Политика министерства Мазарини по отношению к оппозиции была колеблющейся и непоследовательной, карательно-запретительные тенденции блокировались нежеланием начинать серьезную гражданскую войну, которая могла бы сорвать приближавшееся заключение Вестфальского мира. Начав с запретов, правительство вскоре пересмотрело свою позицию, санкционировав деятельность Палаты святого Людовика без ограничения сферы ее компетенции. С 30 июня по 10 июля эта последняя вотировала и представила на рассмотрение королевы предложения о реформе («27 статей»), которые тогда же начали проводиться в жизнь, поскольку правительство взяло курс на объявление государственного банкротства, дабы самому поживиться за счет финансистов. 9 июля получил отставку покровитель финансистов сюринтендант финансов Эмери. 11 июля было объявлено об отзыве из округа Парижского парламента почти всех интендантов, о сокращении тальи на ⅛ («27 статей» предлагали сокращение на ¼) и отмене недоимок по всем налогам. 13 июля было обещано создание Палаты правосудия для суда над финансистами. 18 июля решение об отзыве интендантов было распространено на всю страну, власть немногих оставшихся в пограничных провинциях интендантов была ограничена консультативными и военно-административными функциями. 20 июля парламент зарегистрировал декларацию о том, что впредь все эдикты о налогах должны утверждаться в высших судебных палатах; все не утвержденные ими поборы парламент объявил при этом отмененными.

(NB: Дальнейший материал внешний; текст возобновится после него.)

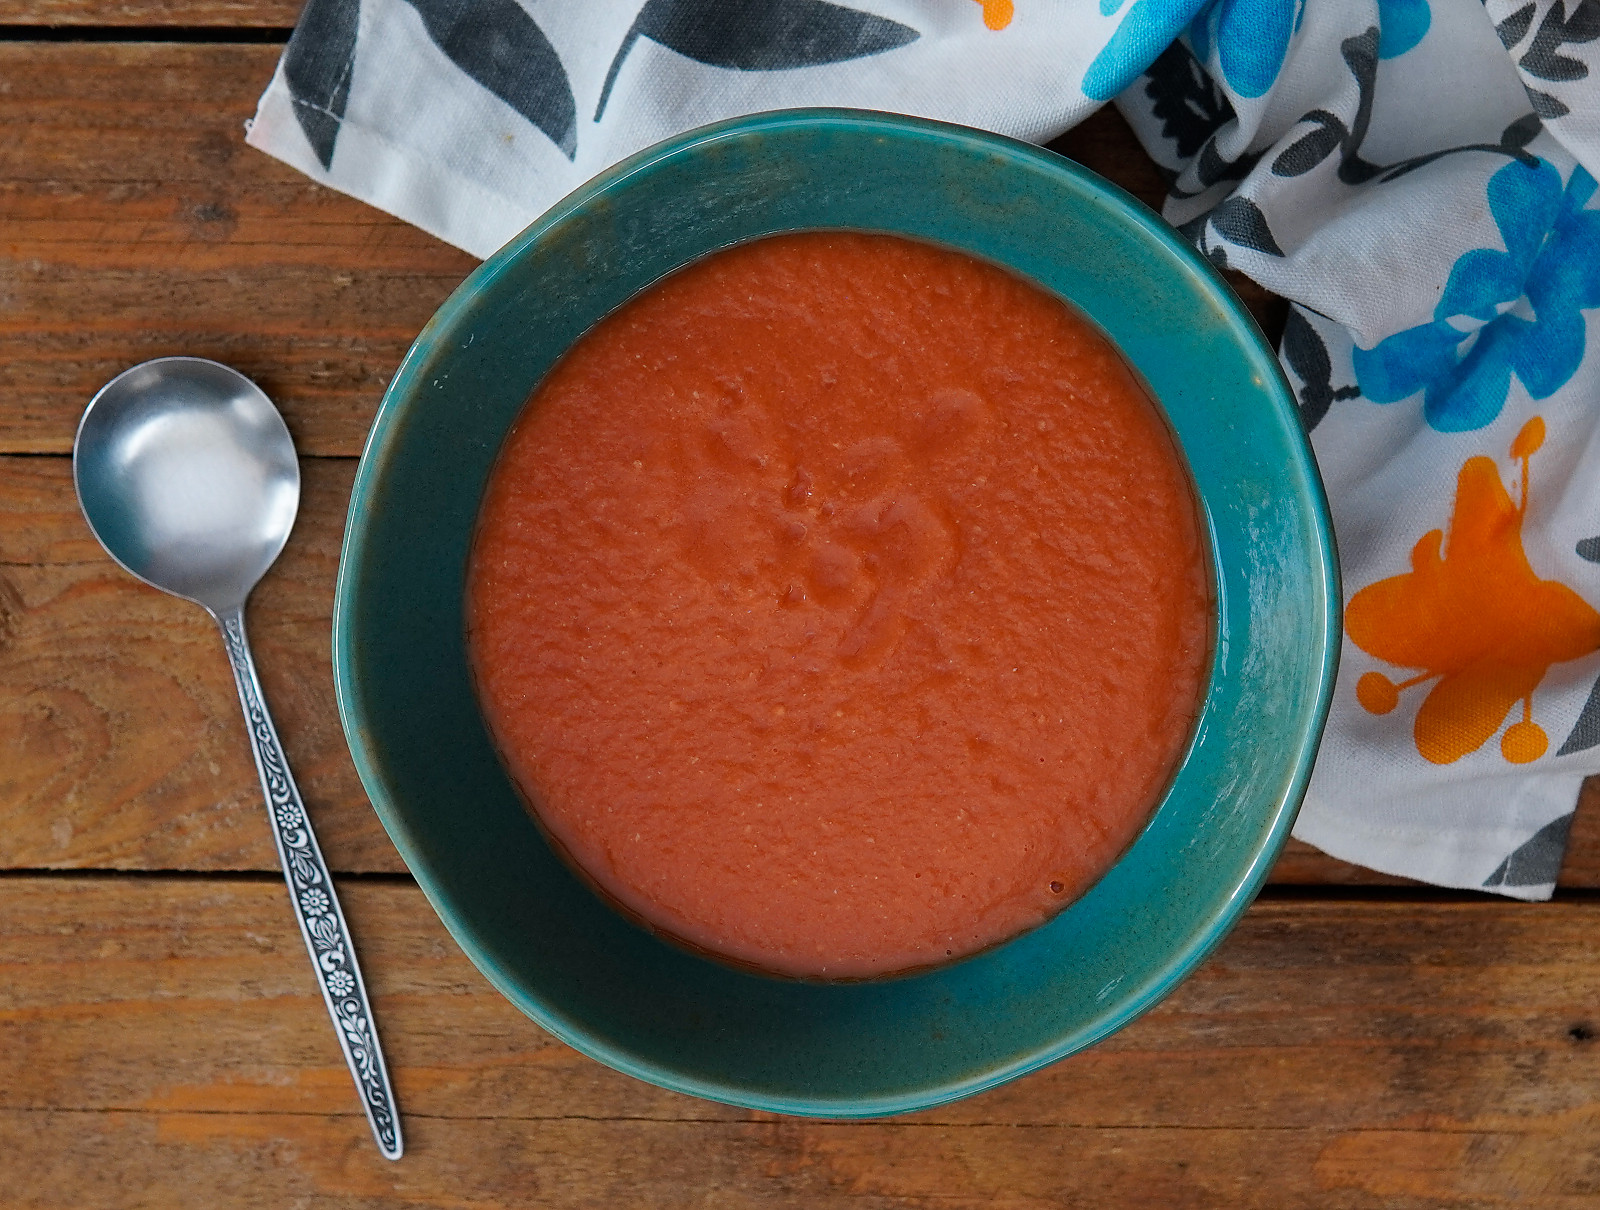 How to make Homemade Tomato Puree Recipe (Sauce)

Легко представить себе, как всколыхнули всю страну эти решения. Финансовая администрация во многих местностях была парализована, развернулись антиналоговые выступления. Крестьяне сплошь и рядом отказывались платить даже утвержденные парламентом налоги. 20–23 июля в самом Париже происходили демонстрации 6-тысячной толпы пришедших в город крестьян, которые требовали дальнейшего снижения тальи.
Напуганное правительство быстро стало тяготиться политикой уступок парламентариям. 31 июля через парламент была проведена в принудительном порядке «королевского заседания» декларация, утверждавшая «27 статей» лишь с существенными оговорками. Правительство особенно противилось одному из основных требований палат — уничтожению практики арестов без суда по простым королевским предписаниям («леттр де каше»). Недовольный парламент начал обсуждать вопрос о недостаточности уступок правительства. Мазарини быстро разочаровался и в кампании борьбы против финансистов. Известные дополнительные средства она дала, но и кредит был основательно расшатан, а парламент грозил подорвать его вконец, требуя суда над финансистами, — 22 августа он даже решил начать такое расследование собственными силами, не дожидаясь созыва Палаты правосудия.
В такой обстановке в Париж пришло известие о блестящей победе французской армии принца Конде над испанцами при Лансе 20 августа 1648 г. Явно переоценил свои силы, Мазарини принял импульсивное решение воспользоваться этой победой для перехода в наступление против оппозиции, арестовав ее лидеров в самый день благодарственного молебна 26 августа.
В этот день действительно были арестованы два парламентария, одним из которых был популярный в народе Пьер Бруссель. Народ пытался отбить арестованного, а когда это не удалось, Париж стал быстро и стихийно покрываться баррикадами. Маршал Ламейрэ, посланный с отрядом гвардейцев восстановить порядок, был окружен толпой и с трудом вернулся во дворец. На другой день, 27 августа баррикады были уже повсюду. Взялась за оружие и городская милиция — где из сочувствия к восстанию, где из опасений как бы народ не начал громить дома богачей, а иногда и просто под прямым давлением плебса. Народ напал на направлявшегося в парламент канцлера Сегье и чуть было не сжег его в доме, где он укрылся, спасло канцлера только прибытие отряда королевских войск. Парламент послал во дворец депутацию требовать освобождения арестованных. Королева обещала это только при условии прекращения общих заседаний парламента, и депутация отправилась обратно обсудить это предложение.
Но тут-то и проявилось, сколь далеким от пиетета было даже тогда отношение плебса к Парижскому парламенту. Возвращавшиеся ни с чем депутаты были освистаны народом, сам первый президент парламента Моле подвергся нападению отряда под началом какого-то подмастерья. Народ верил отдельным парламентариям — таким, как отличавшийся политической честностью и радикальными речами старик Бруссель, но вовсе не был склонен слепо доверять парламенту как корпорации. Парламентарии так и не смогли пробиться сквозь толпу и принуждены были вернуться во дворец, все более напоминавший осажденную крепость. Это произвело такое впечатление, что королева распорядилась освободить арестованных, и сразу после их возвращения в Париж 28 августа волнения прекратились.